Sparse parameter estimation can be achieved in the Bayesian framework by using the Laplace (double exponential) prior distribution. It is known that the MAP estimates using the Laplace prior are the same as those produced by applying the lasso algorithm that minimizes the usual sum of squared errors, with a bound on the sum of the absolute values of the coefficients.

The Bayesian Logistic Regression (BBR) and Bayesian Mutinomial Regression (BMR) software packages have implemented this idea and showed good performance in text classification.

Challenges in Statistical Machine Learning

John Lafferty and Larry Wasserman have recently published an article talking about the Challenges in Statistical Machine Learning. The following problems are considered current challenges that cut across both statistics and machine learning communities.

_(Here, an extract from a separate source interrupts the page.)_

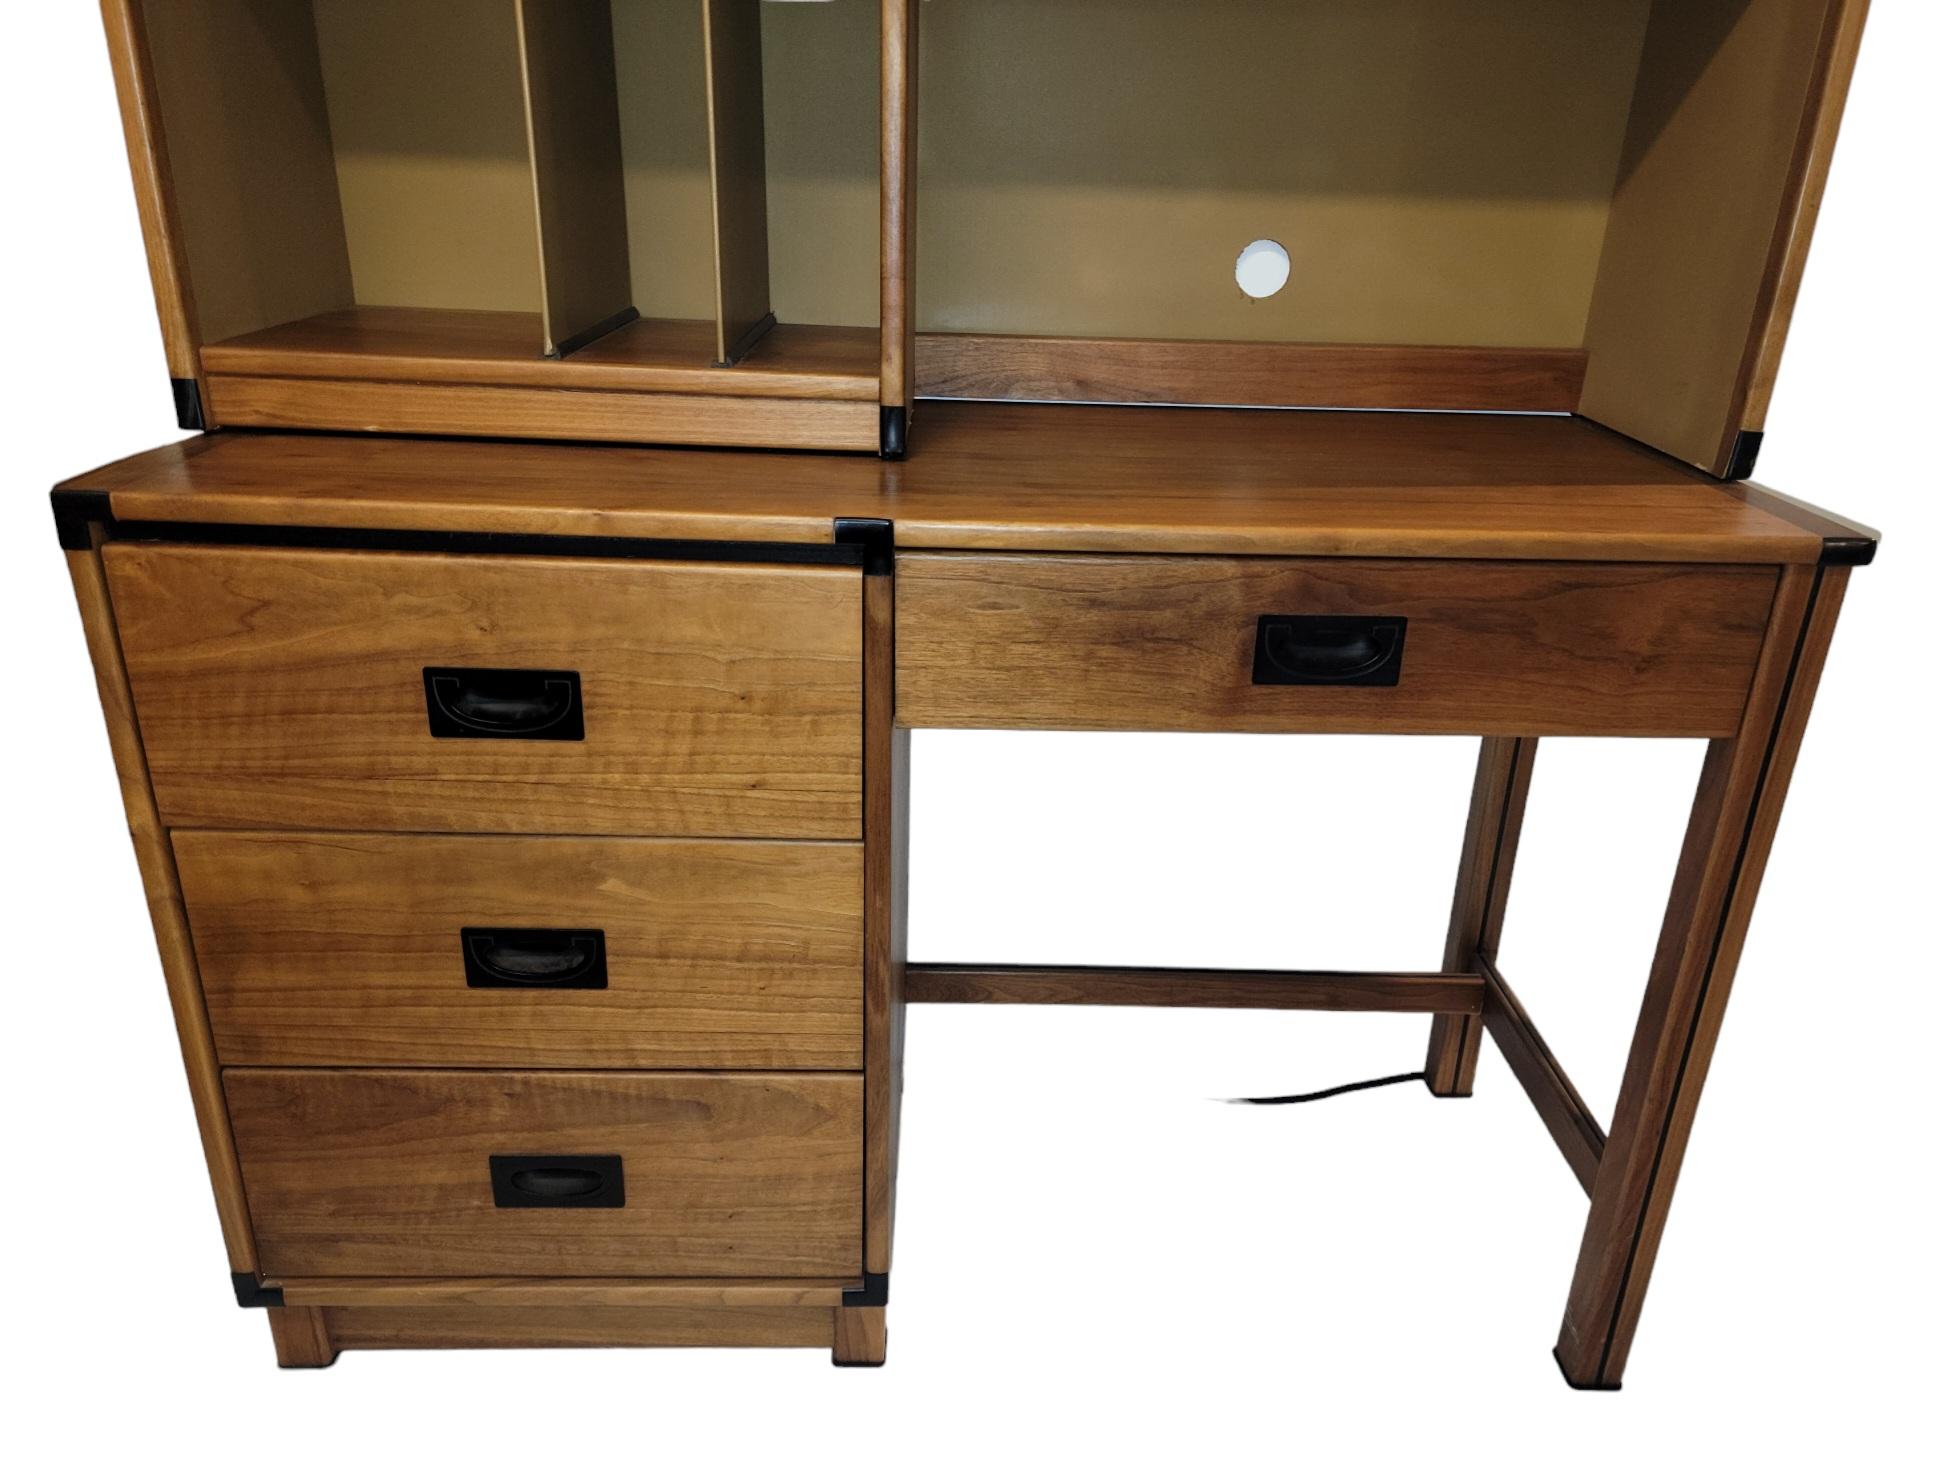 Mid Century Drexel Danish Desk with shelves. This desk set has a lot to offer is the foot print it provides. The desk has a great area for work space and offers plenty of shelf space to keep you space organized. This desk set has a small 2 door

  • Sparse Learning in High Dimensions

  • Semi-Supervised Learning

  • Relation between Computation and Risk

  • Structured Prediction

Tuesday, January 30, 2007

e^x and e^ix

When x -> infinity, e^x -> infinity, but in contrast e^ix is always bounded to the unit circle according to Euler's formula. This clever trick is said to be an important step that finally led to the discovery of Fourier series.

Saturday, January 27, 2007

Rank Correlation Coefficients

To measure the correlation between two rankings rather than two random variables, we can consider using the following non-parametric correlation coefficients.
Spearman's ρ
Kendall's τ

Hellinger metric

Hellinger metric is the square-root of Jensen–Shannon divergence, a symmetric version of Kullback-Leibler divergence. It looks a good choice when measuring the dissimilarity between two distributions (e.g., two multinomial distributions corresponding to a pair of documents), because it is known to be a legitimate distance metric.